The student loan changes go into effect for loans filed on July 1 or after of this year. While some students understand the big picture, they do not yet know how either the changes to higher education funding or health care will affect them.

Dave de la Fuente, Fordham College at Lincoln Center (FCLC) ’10, accumulated a “significant” amount of loans while attending Fordham University. He plans to attend Boston College to study for a Masters of theological studies, and he does not yet know how he will pay.

“I hope to avoid student loans in graduate school, but it’s a possibility,” de la Fuente said. “The reality is that so many people need student loans to pursue their academic dreams. I think it’s good to know that if it’s difficult to afford going to the college of your choice, the system won’t completely rob you of your money.”

Students also need to prepare for the health care changes that will impact college students in roughly six months. Currently, the states determine the age to which individuals are allowed to remain on their parents’ coverage. Under the new law, dependents can keep their insurance until they are 26 years old.
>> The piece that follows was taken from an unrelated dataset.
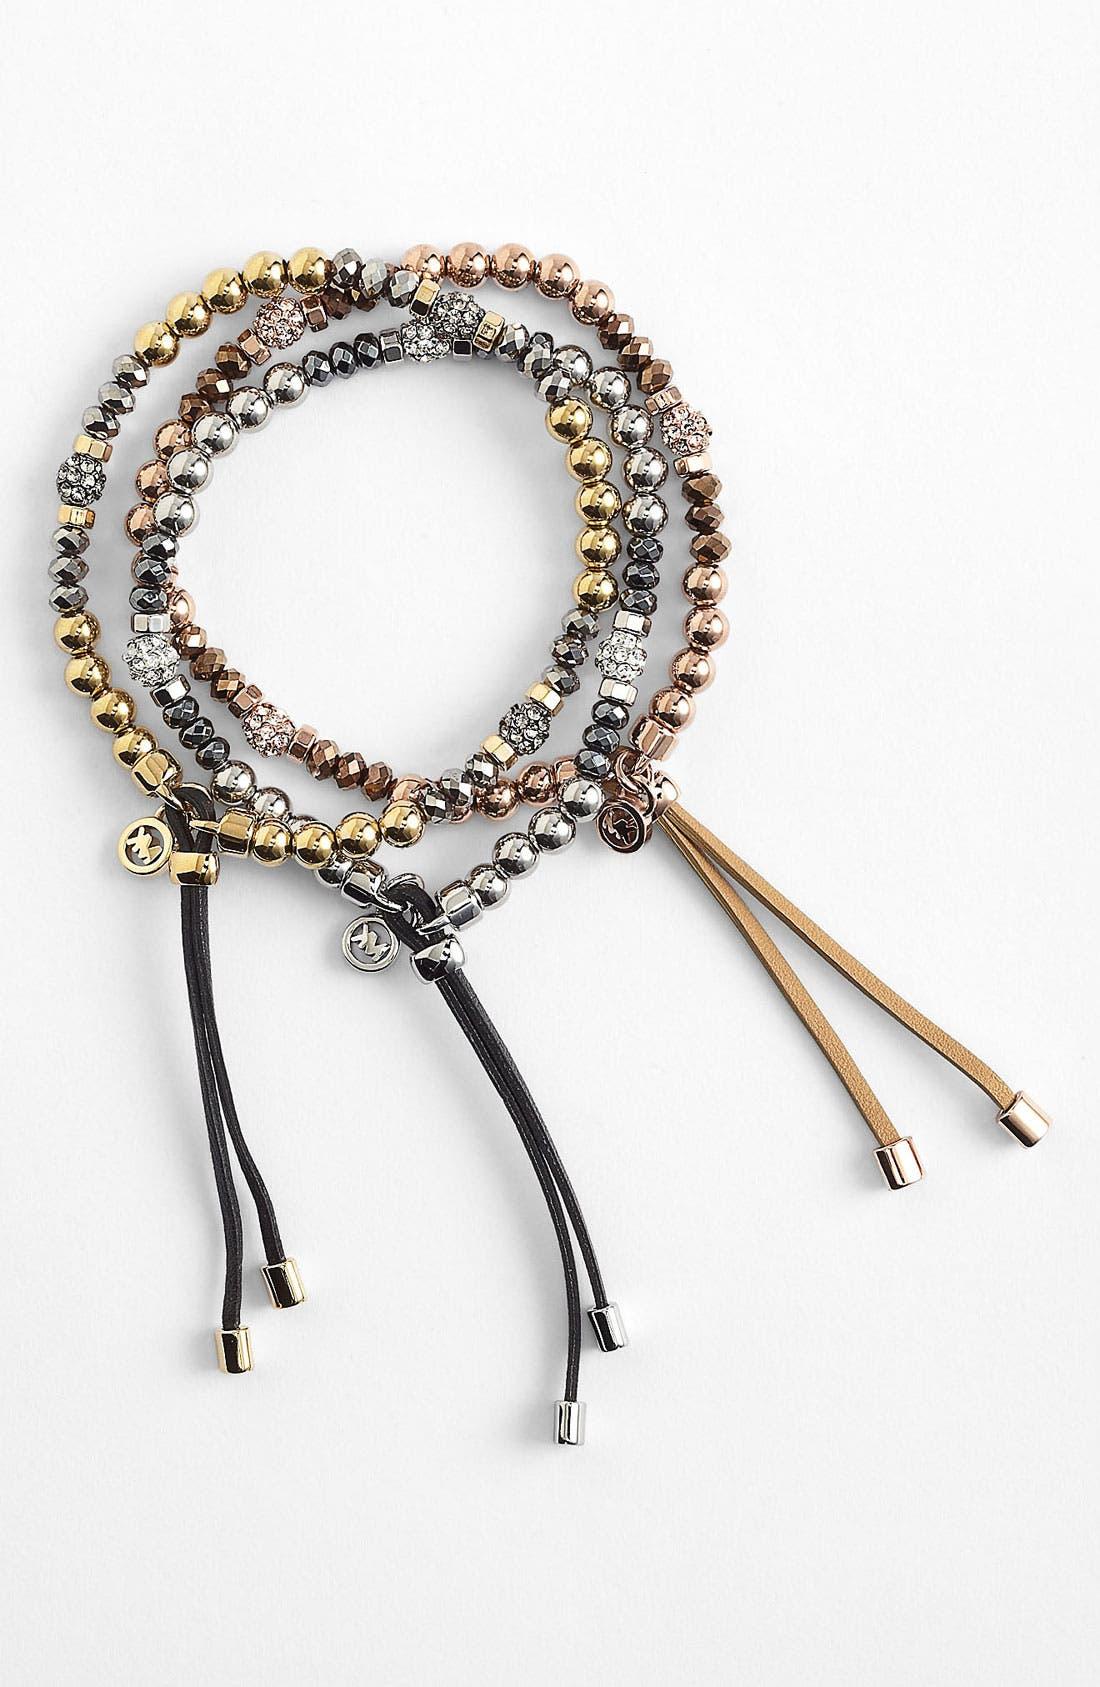 Alternate Image 1 Selected - Michael Kors 'Brilliance' Stretch Bracelet

However, since this provision does not go into effect until January, students cannot assume that they will automatically continue on their parents’ plan.
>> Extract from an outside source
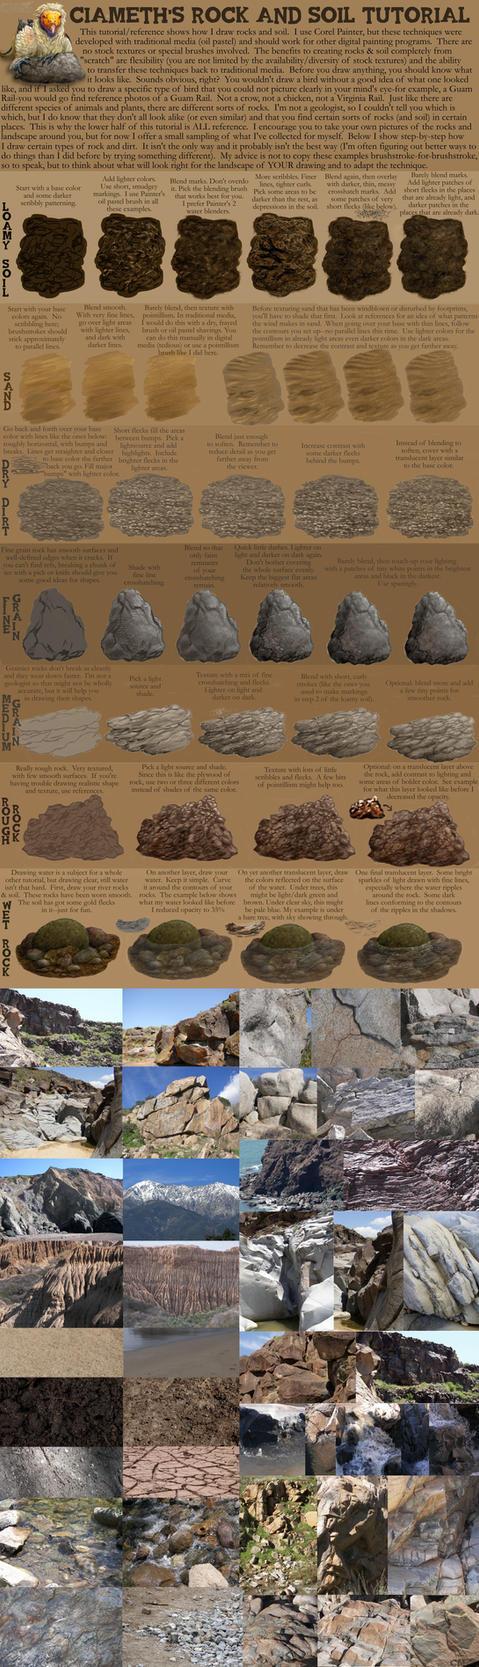 Ciameth's Rock Tutorial by Ciameth

Many insurance companies currently suspend coverage once a dependent no longer classifies as a full time student. According to the Kaiser Foundation, individuals in New York State may stay on their parents’ insurance until they are 29 years old. However, they must be unmarried, not eligible for insurance under an employer and they must live in New York. However, in several other states, coverage ends when the dependent turns 19 years old. Fourteen states, including Virginia, Florida, Pennsylvania and Colorado, filed lawsuits against the new health care law. The suits claim that the new law is unconstitutional, since it demands that citizens have an insurance plan, or they will be fined. The 10th amendment declares that the national government is restricted to the rights specifically set out in the constitution. Health care is not one of those rights.
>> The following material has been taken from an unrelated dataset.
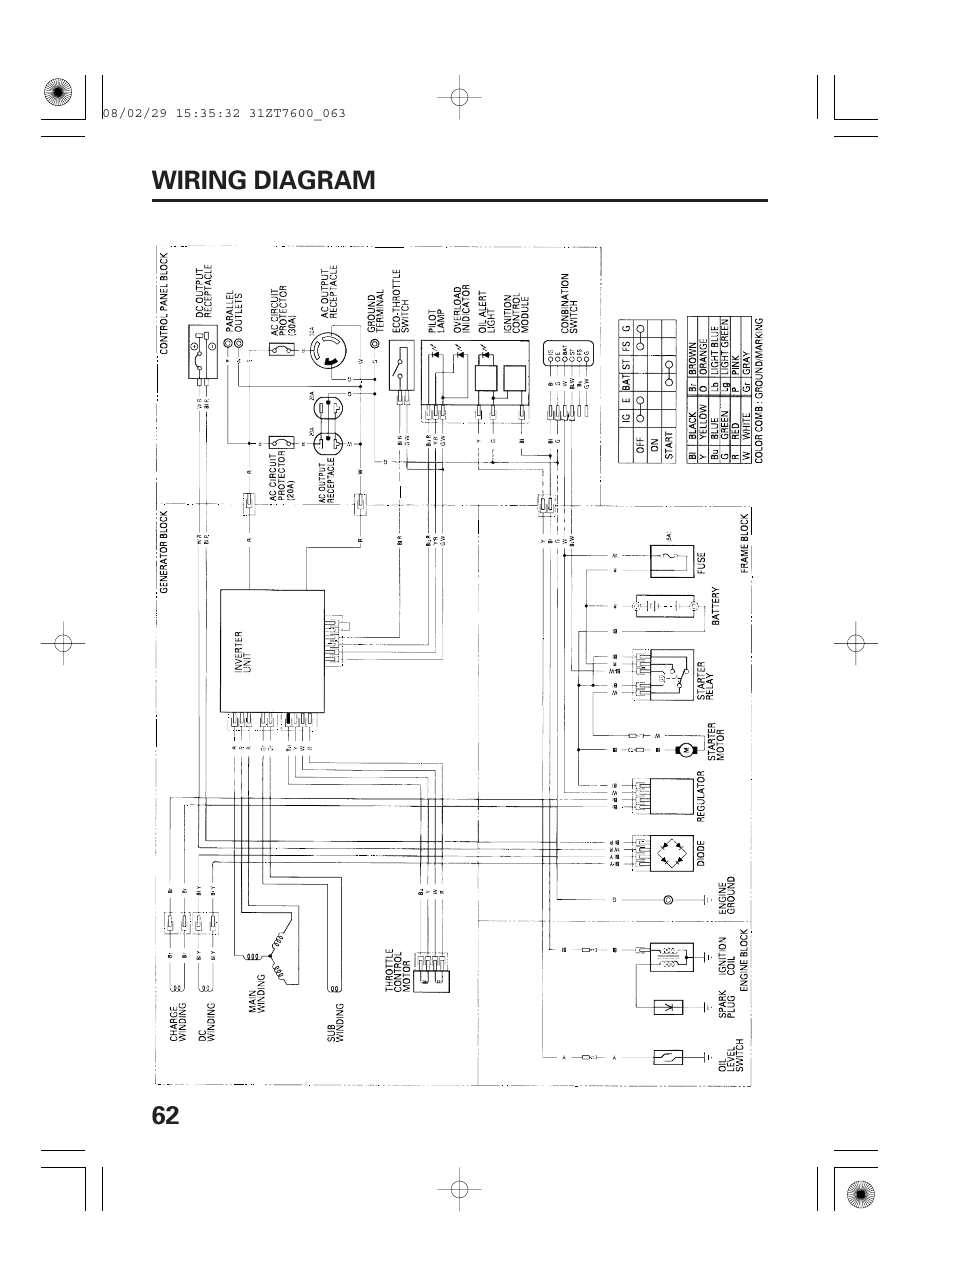 medium resolution of wiring diagram 62 wiring diagram honda eu3000is user manualwiring diagram 62 wiring diagram honda

However, students must plan for their futures, whatever the outcome of possible litigation.

Elissa Dauria, FCLC ’10, is not sure how she will be covered once she graduates in May. “I’m [covered by] my stepdad’s insurance now, and I’m pretty sure it ends once I’m no longer a full-time student,” she said. “I believe that [we] can pay an extra amount monthly,” called the COBRA plan, “to extend it.”

“Ideally, I will have a job that has full benefits shortly after graduation, but that can’t be guaranteed. If I still don’t have a job with benefits when the age extension kicks in, I’ll be back on my parents’ coverage,” Dauria said.  ”Going insurance-less is not an option for me. I have five regular prescriptions, and no adult woman should ever be uninsured, even for just half a year. I think this new bill is a literal lifesaver for a lot of people. ”

Ian Christie, FCLC ’10, lost coverage on his parents’ insurance when he turned 22. “I’ll get it back as soon as this portion of the law goes into effect. Needless to say, I’m thrilled,” Christie said. “I was dropped unexpectedly and haven’t been to a doctor—despite needing to go on several occasions—for some time.”

de la Fuente recently spoke to his father about whether he will be covered on his insurance after graduation. “He said I could find a job, or go to graduate school, because his health care wouldn’t continue to cover me,” de la Fuente said, who decided to attend graduate school, which will ensure coverage for at least another two years. “I’m a big proponent of universal health care… it’s not just every American for themselves, it’s about caring for the collective.”

Kathleen Malara, the director of health services at Fordham, encourages students to look into their health care options. “Most people don’t people don’t think about [insurance] until they need to,” she said.

Gregory Pappas, assistant vice president of student affairs and dean of student services at the Fordham College of Rose Hill (FCRH), is available to help graduating students extend their health care coverage through plans contracted through Fordham.

Students should also contact the financial aid office if they have questions about their student loans.

*Jenni Hashimoto, FCLC ’11, Juliet Ben-Ami, FCLC ’11, and Kyle Morrison, FCLC ’12, contributed to this report.